Generic Lambdas: auto and Template Parameters

C++14 generic lambdas use auto parameters — each unique argument type generates a separate template instantiation:

cpp
// C++14: auto in parameter list
auto print = [](const auto& value) {
    std::cout << value << '\n';
};
print(42);           // Generates: operator()(const int& value)
print(3.14);         // Generates: operator()(const double& value)
print("hello");      // Generates: operator()(const char[6]& value)

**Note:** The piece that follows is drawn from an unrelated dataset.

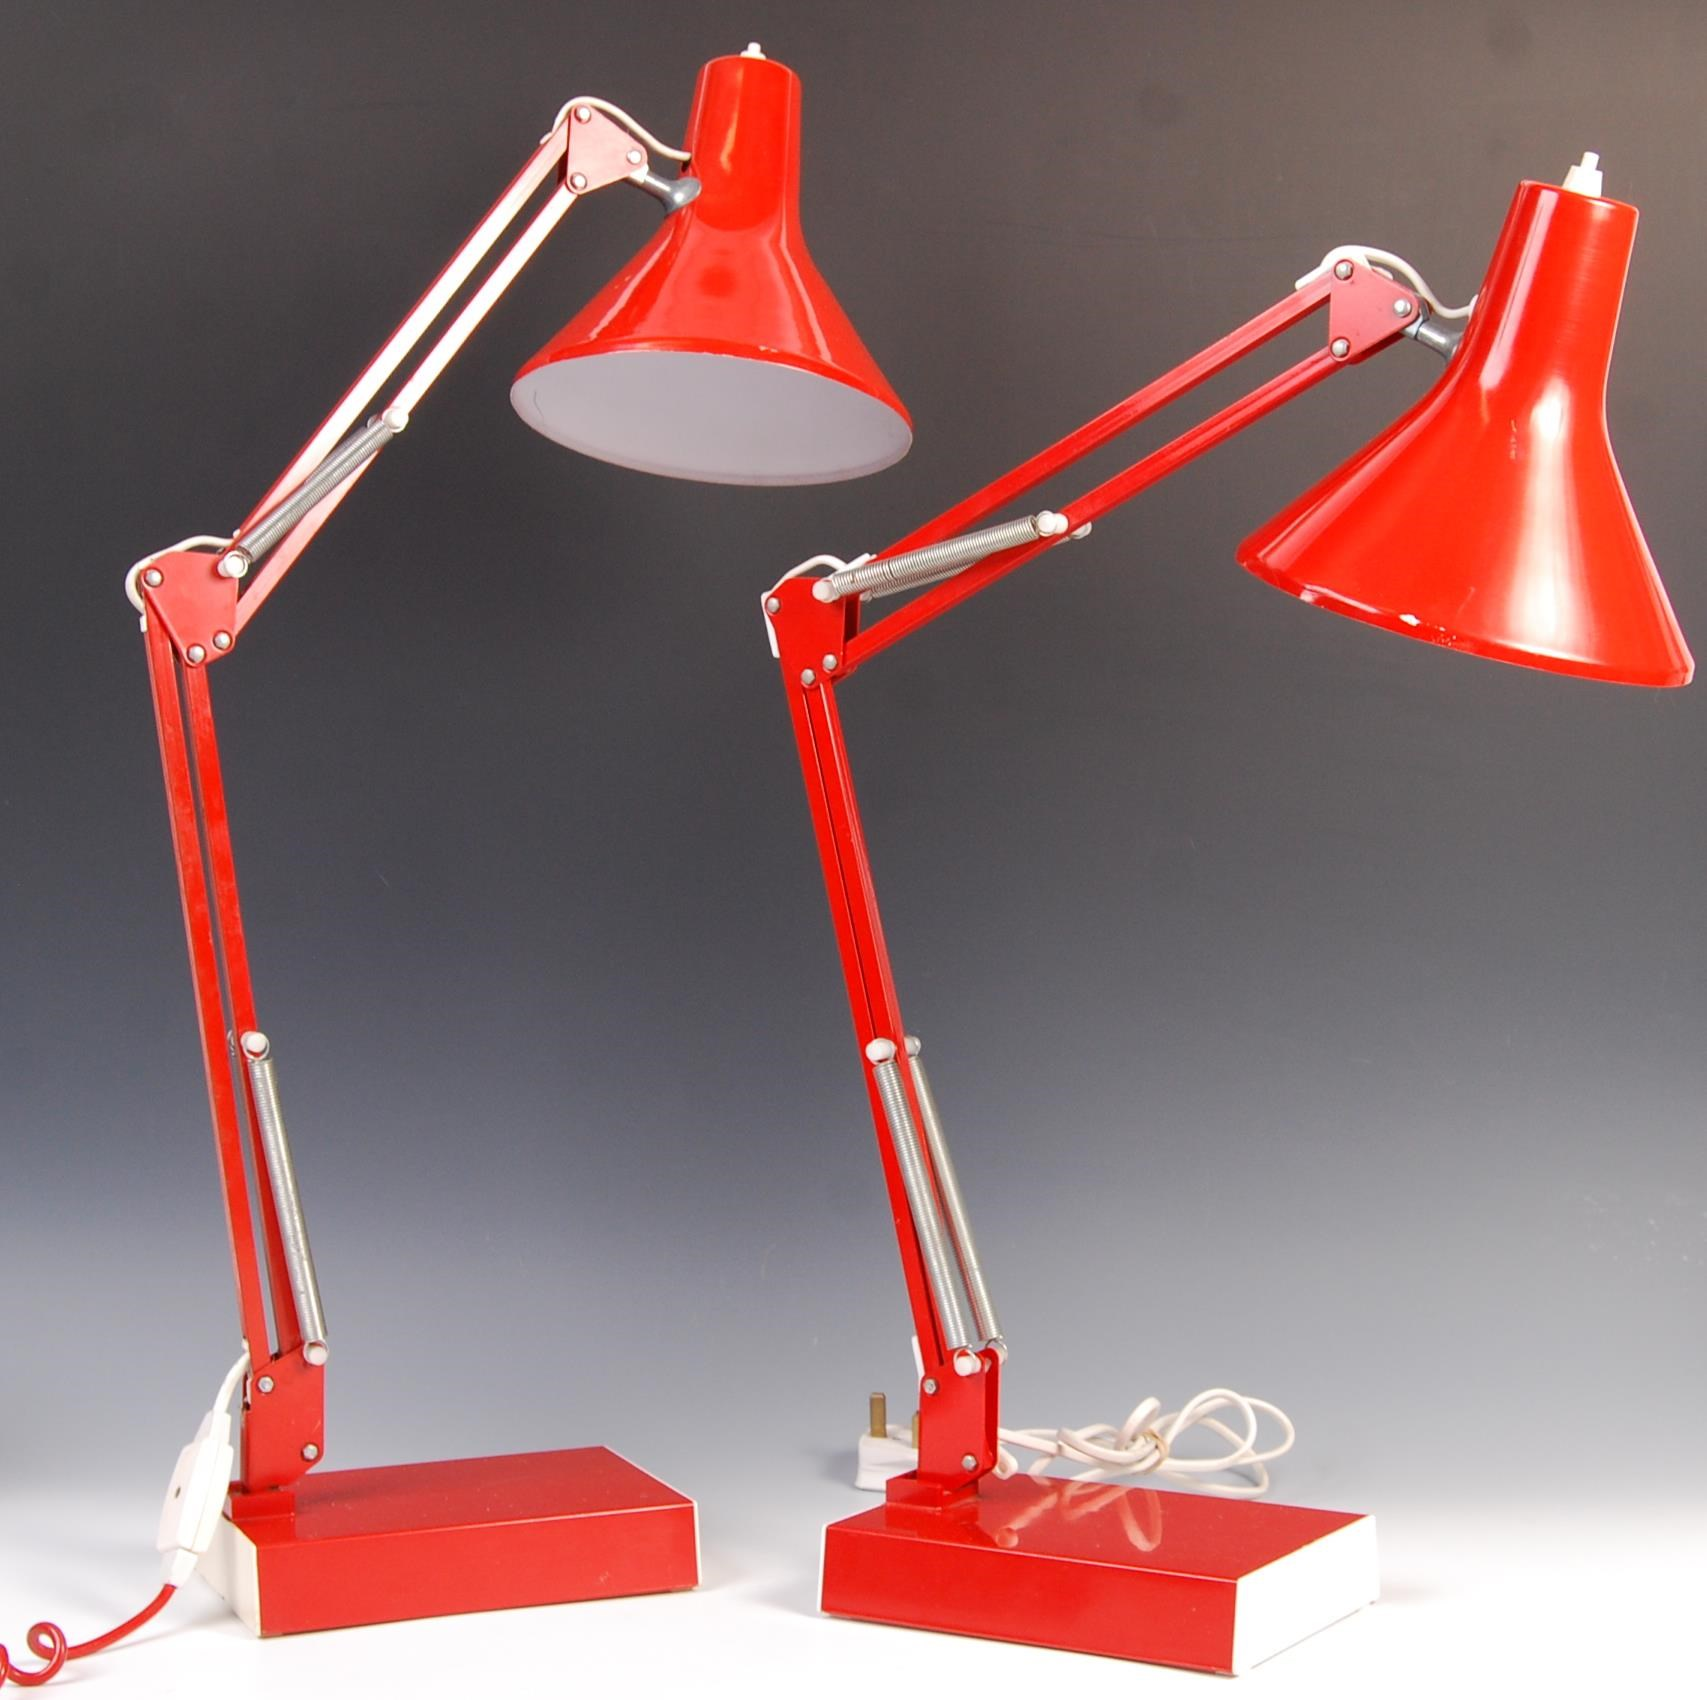 Lot 41 - SCANDINAVIAN RETRO VINTAGE ' ANGLEPOISE ' TYPE DESK LAMPS

// C++20: explicit template syntax in lambdas
auto typed_print = []<typename T>(const T& value) {
    std::cout << std::format("Type: {}, Value: {}\n",
                             typeid(T).name(), value);
};

// C++20: constrained generic lambda with concepts
auto add_numbers = []<std::integral T>(T a, T b) { return a + b; };
add_numbers(3, 4);      // OK: ints satisfy integral concept
// add_numbers(1.5, 2.5); // ERROR: doubles don't satisfy integral

// C++20: variadic template lambda
auto sum_all = []<typename... Args>(Args&&... args) {
    return (... + std::forward<Args>(args)); // Fold expression
};
auto total = sum_all(1, 2, 3, 4, 5); // 15
auto fsum  = sum_all(1.5f, 2.5f);    // 4.0f

Mutable Lambdas: Modifying Captured Variables

By default, captures by value create const copies inside the lambda body. mutable removes this restriction:

cpp
int counter = 0;

// Without mutable: capture is const, cannot modify
auto count_ro = [counter]() {
    // counter++; // ERROR: assignment of read-only captured variable
    return counter;
};

// With mutable: can modify the captured COPY (NOT the original)
auto count_mut = [counter]() mutable {
    return ++counter; // Modifies the copy inside the lambda
};

std::cout << count_mut() << '\n'; // 1
std::cout << count_mut() << '\n'; // 2
std::cout << counter << '\n';     // Still 0! Original unchanged

// Stateful generator using mutable:
auto make_counter = [n = 0]() mutable { return n++; };
std::cout << make_counter() << '\n'; // 0
std::cout << make_counter() << '\n'; // 1
std::cout << make_counter() << '\n'; // 2

Lambdas in STL Algorithms

Lambdas replace hand-written functors and function objects for STL algorithms:

cpp
#include <algorithm>
#include <ranges>
#include <vector>

std::vector<int> nums = {5, 2, 8, 1, 9, 3, 7, 4, 6};

// Sort with custom comparator:
std::sort(nums.begin(), nums.end(), [](int a, int b){ return a > b; }); // Descending

// Filter with ranges (C++20):
auto evens = nums | std::views::filter([](int n){ return n % 2 == 0; });

// Transform:
auto squares = nums
    | std::views::filter([](int n){ return n > 3; })
    | std::views::transform([](int n){ return n * n; });

// find_if:
auto it = std::find_if(nums.begin(), nums.end(), [](int n){ return n > 5; });

// count_if:
int odds = std::count_if(nums.begin(), nums.end(), [](int n){ return n % 2 != 0; });

// remove_if + erase:
nums.erase(
    std::remove_if(nums.begin(), nums.end(), [](int n){ return n < 4; }),
    nums.end()
);

// Comparator for priority_queue (min-heap):
auto cmp = [](const Task& a, const Task& b){ return a.priority > b.priority; };
std::priority_queue<Task, std::vector<Task>, decltype(cmp)> task_queue(cmp);

Immediately Invoked Lambda Expressions (IIFE)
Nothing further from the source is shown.